### Data records

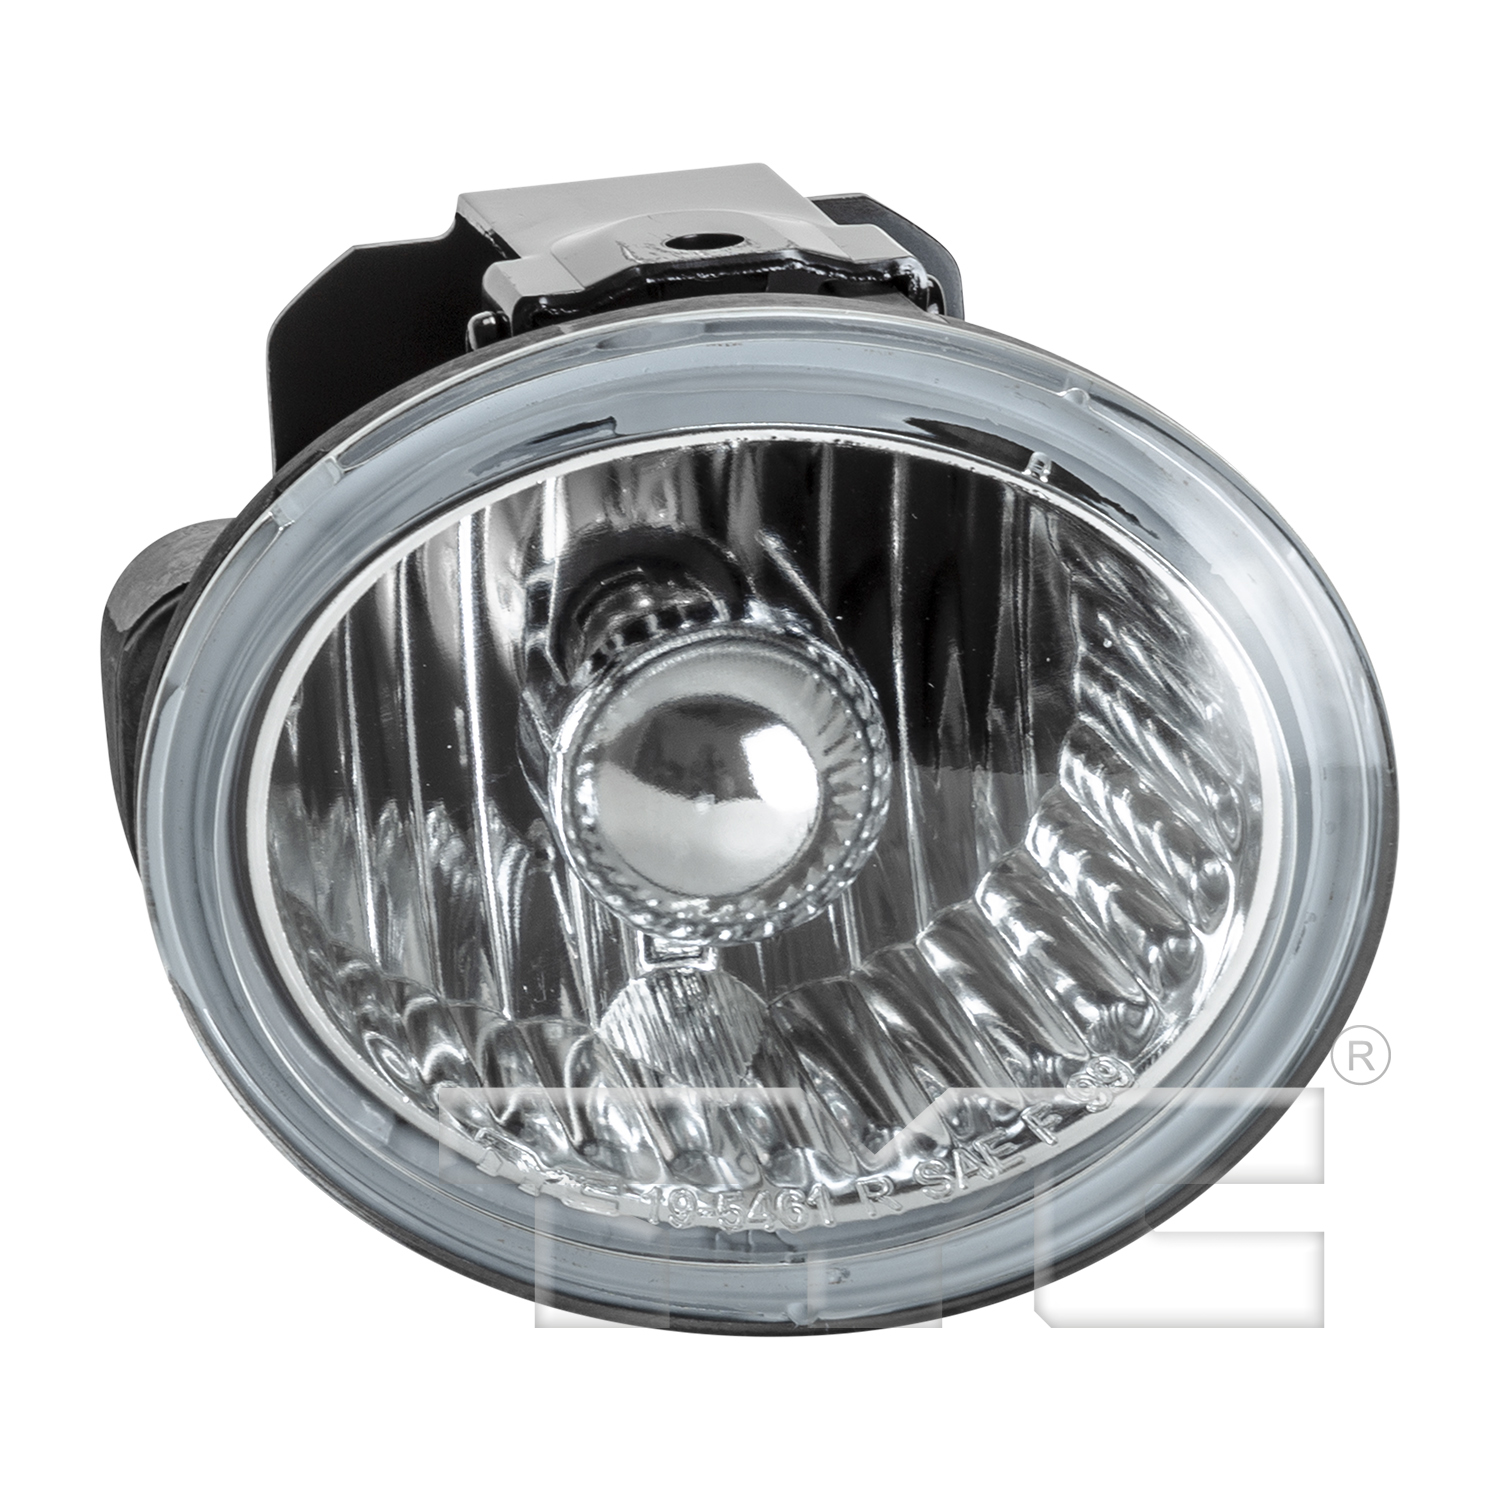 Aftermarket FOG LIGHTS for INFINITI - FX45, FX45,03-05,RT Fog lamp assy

--

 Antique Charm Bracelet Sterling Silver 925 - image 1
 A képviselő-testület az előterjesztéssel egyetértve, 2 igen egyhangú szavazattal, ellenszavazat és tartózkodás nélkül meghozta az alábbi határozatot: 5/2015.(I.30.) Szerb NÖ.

--

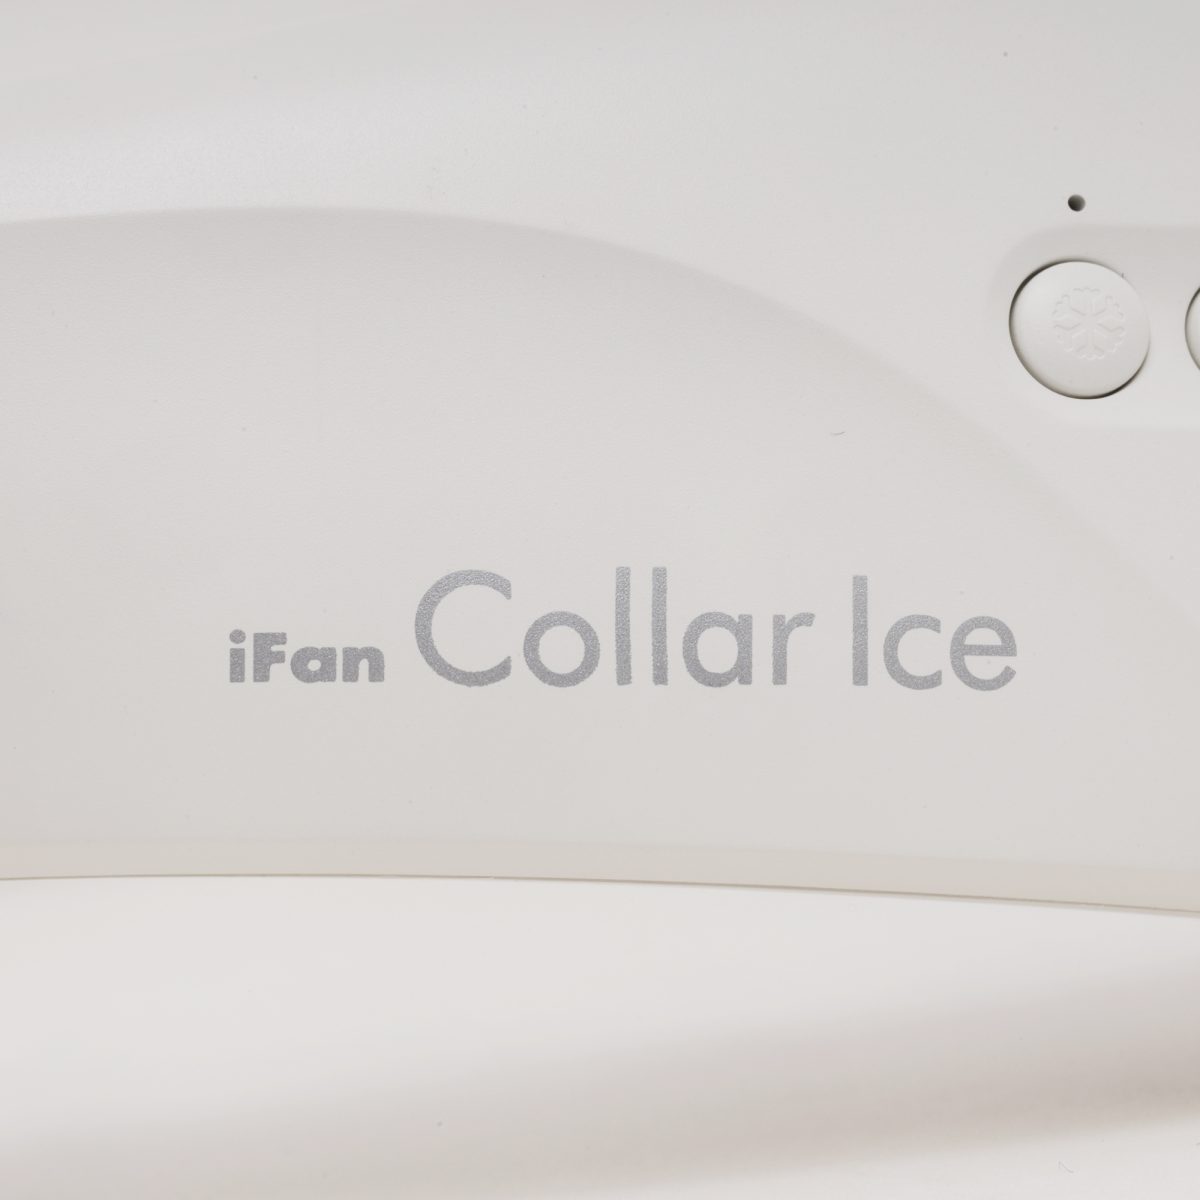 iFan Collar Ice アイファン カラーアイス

### Aim of the exercise
Return, word for word, the lines of the data above from the line with "Antique Charm Bracelet" through the line with "A képviselő-testület az", inclusive.

### Answer box
 Antique Charm Bracelet Sterling Silver 925 - image 1
 A képviselő-testület az előterjesztéssel egyetértve, 2 igen egyhangú szavazattal, ellenszavazat és tartózkodás nélkül meghozta az alábbi határozatot: 5/2015.(I.30.) Szerb NÖ.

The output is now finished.